Published: The man who cursed the wind / Die man wat die wind vervloek het

01 Feb 2017
01 Feb 2017

Dr José Manuel De Prada-Samper’s The man who cursed the wind / Die man wat die wind vervloek het, published by African Sun Press in collaboration with UCT’s Centre for African Studies, is a collection of 61 oral narratives recorded in the Karoo region of South Africa. De Prada-Samper first reported to the APC on this work following his 2011–2012 fieldtrips on which it is based.

The book is a sample of the extensive collection of narratives recorded by José M. de Prada-Samper as part of a project that began March 2011 when he serendipitously re-encountered a tradition that just a hundred years before D. F. Bleek had considered “dead, killed by a life of service among strangers and the breaking up of families”.

Although the human suffering conveyed in this sentence is accurate, the tidings of the demise of the storytelling tradition of the dry Karoo communities turned out to be quite premature.

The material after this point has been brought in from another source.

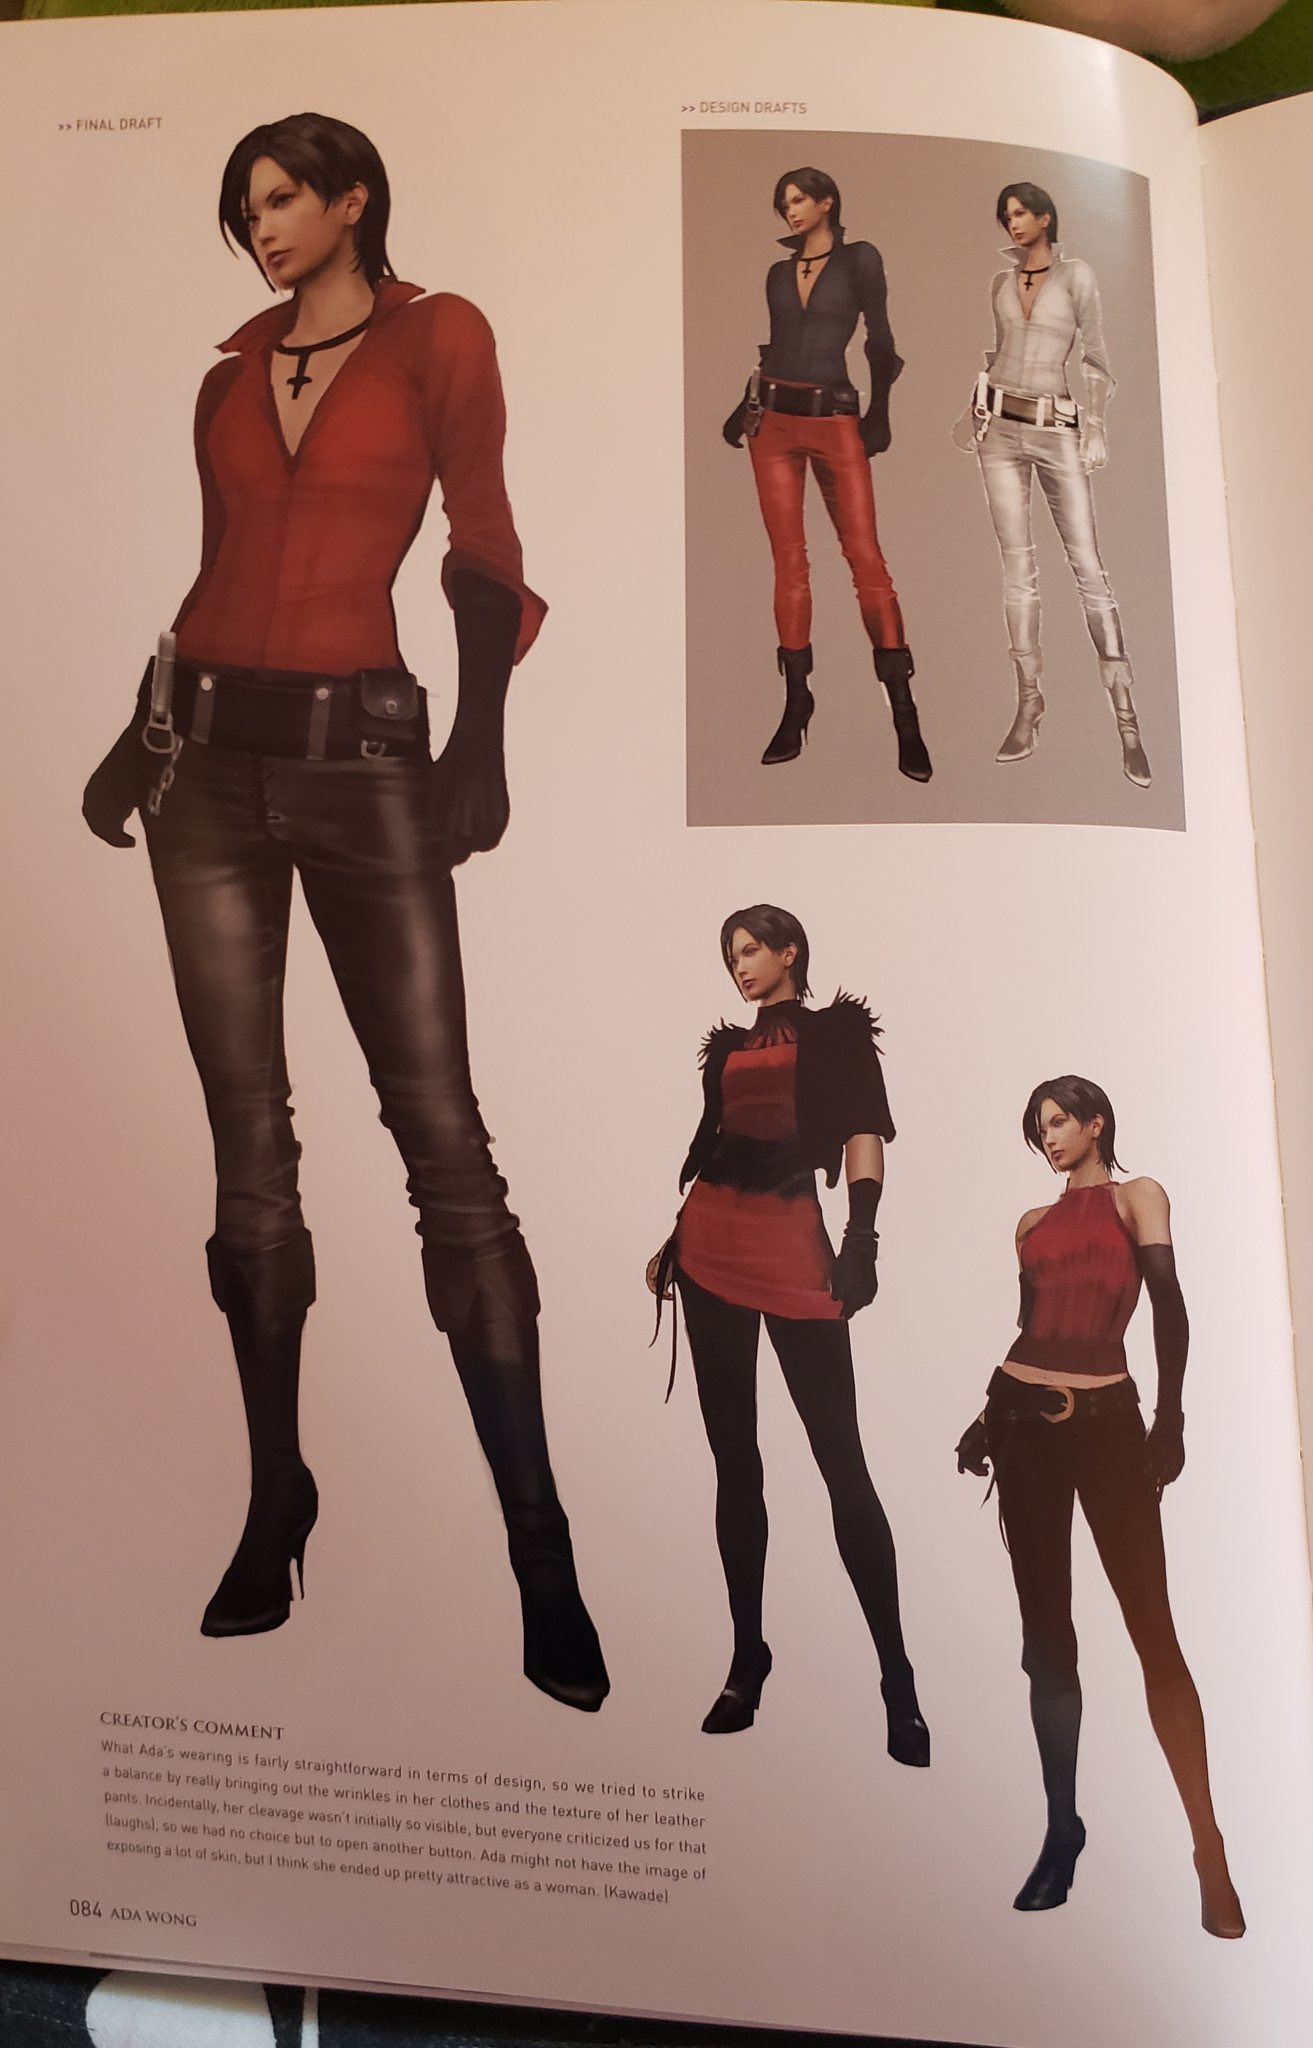 Games Concept Art and Pics on X: Ada Wong concept art from Resident Evil 6.  #ResidentEvil #ResidentEvil6 #AdaWong #ConceptArt #GamesConceptArt   / X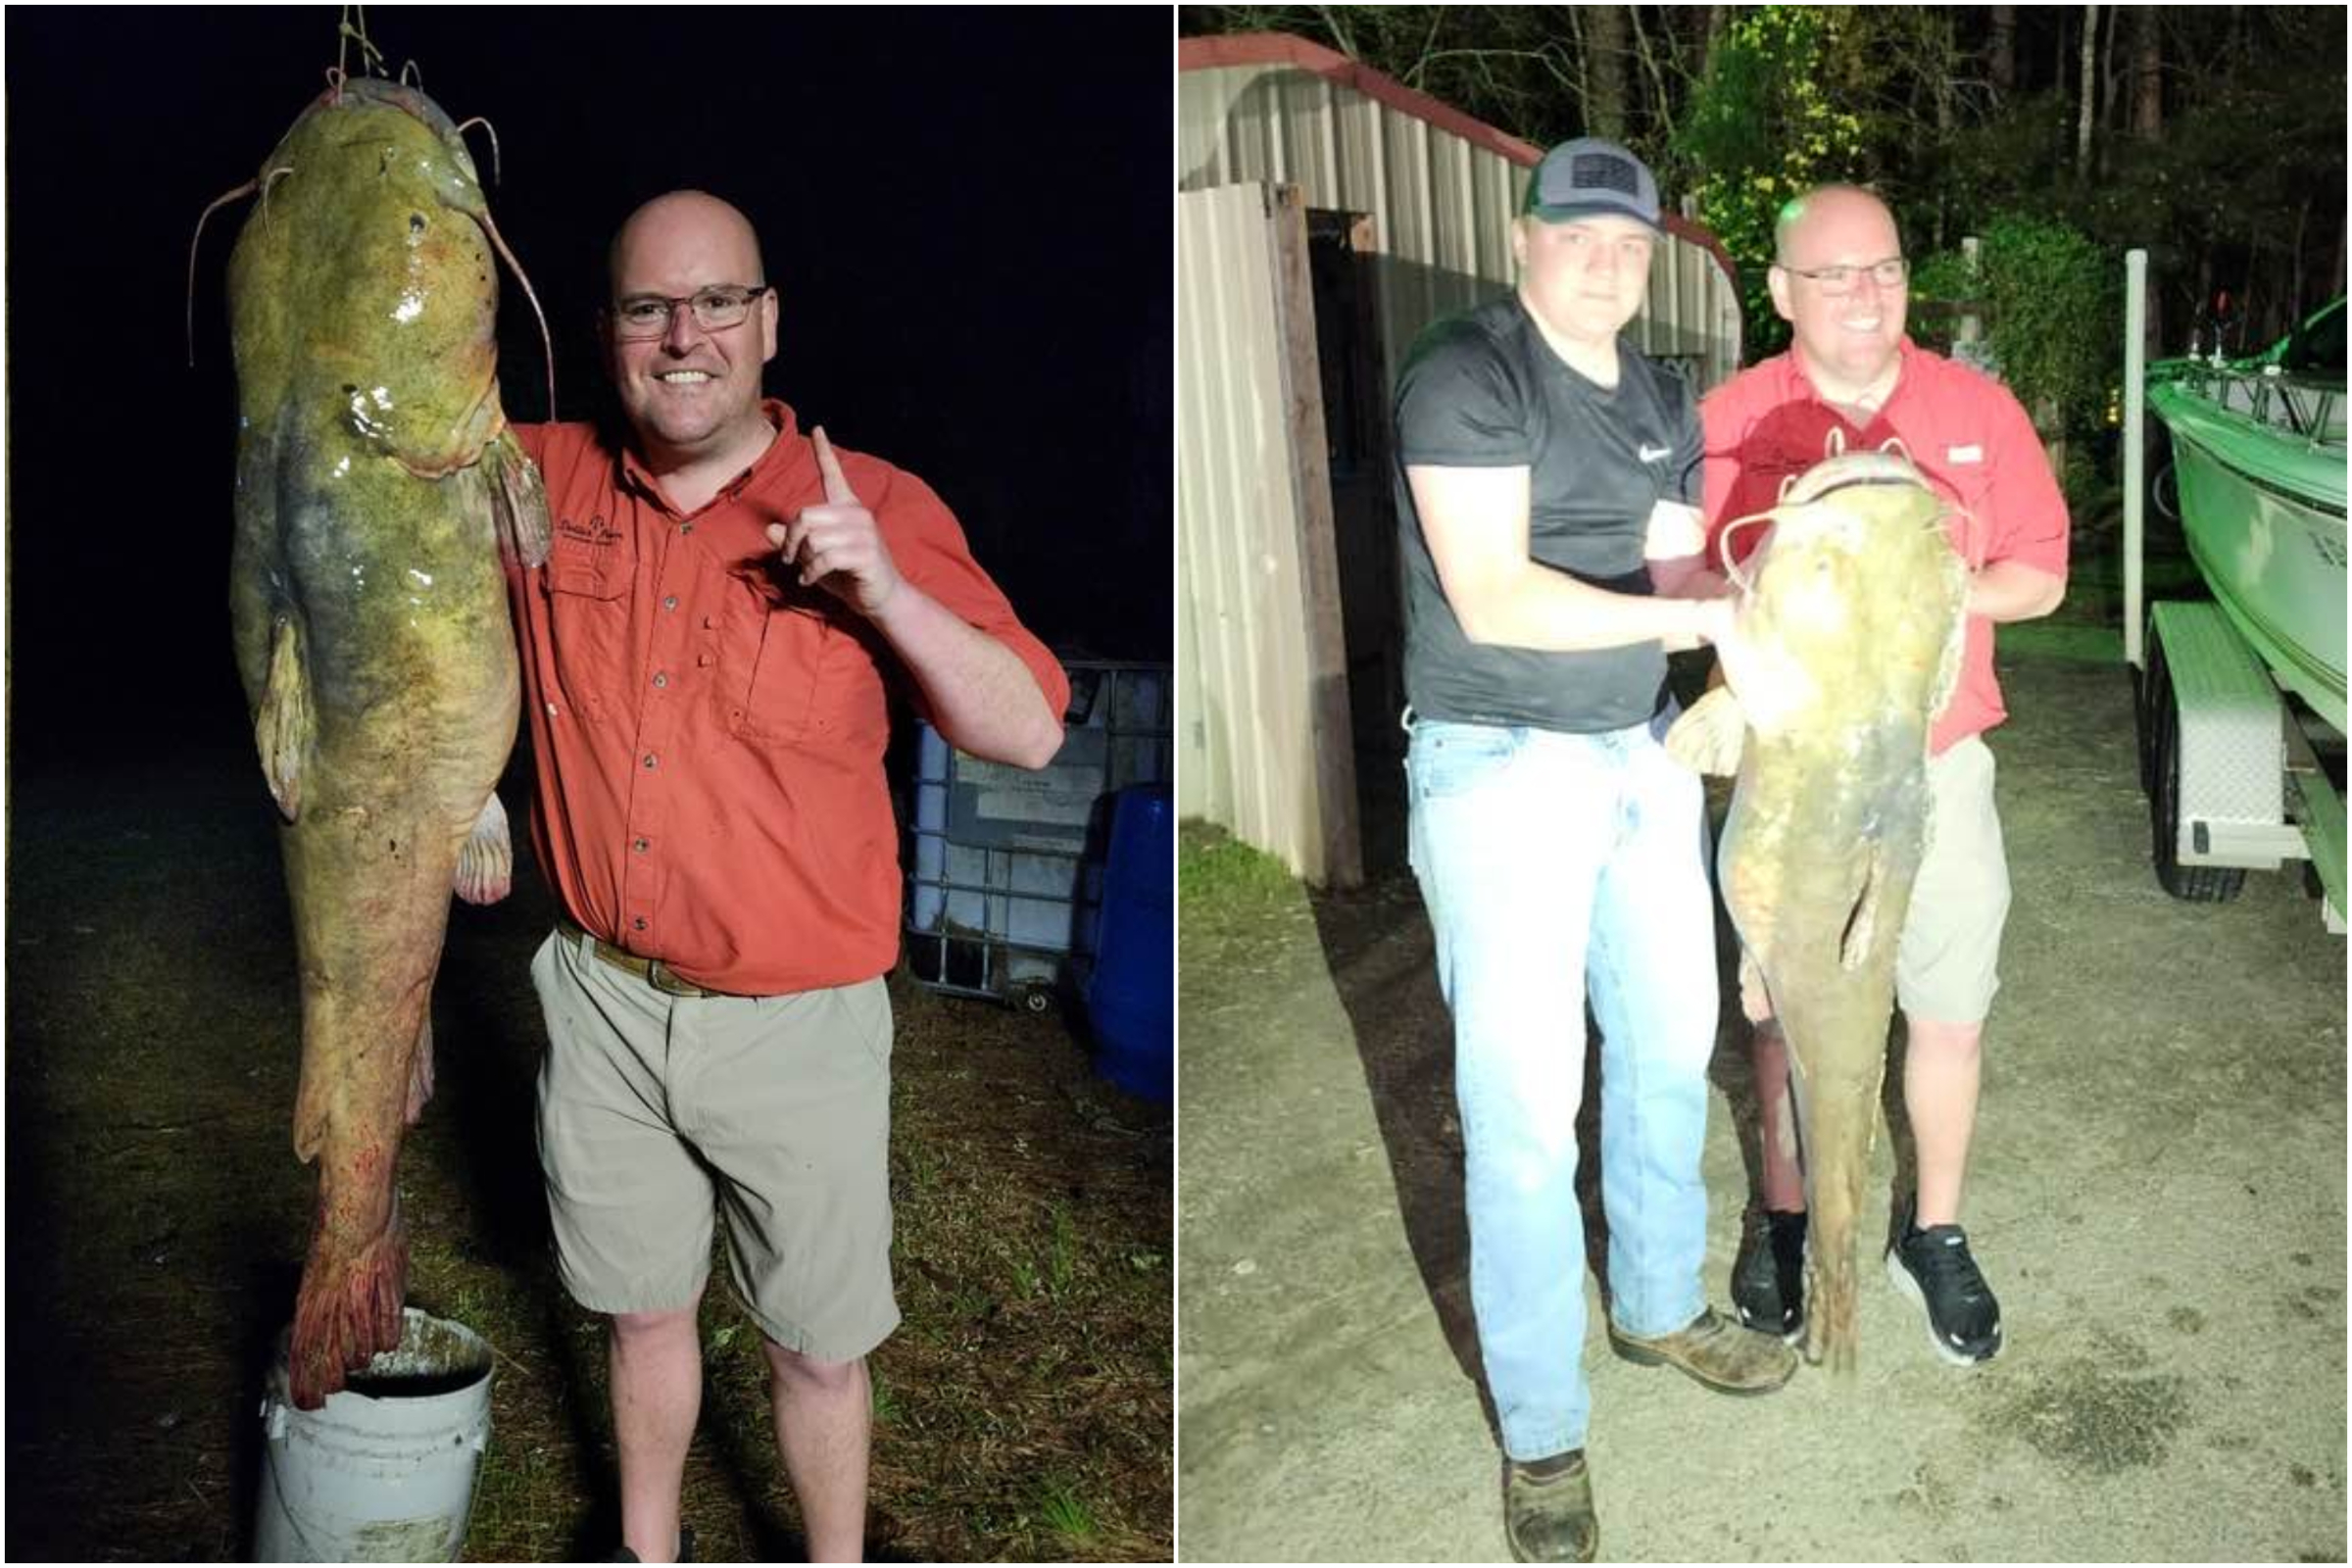 Angler Breaks Local Record With 70 Lb Catfish After Nearly Hour-Long Battle

The book came out of the press this past October, and recently De Prada-Samper, in the company of Louisa Hutten of the Department of Archaeology at UCT, revisited the places where the stories were recorded to give copies of the book to the storytellers contributing to it, as well as to local libraries and museums.

The book, which is in both Afrikaans and English, was well received everywhere, and more stories were recorded during the trip, both from the contributors to the collection and from other storytellers.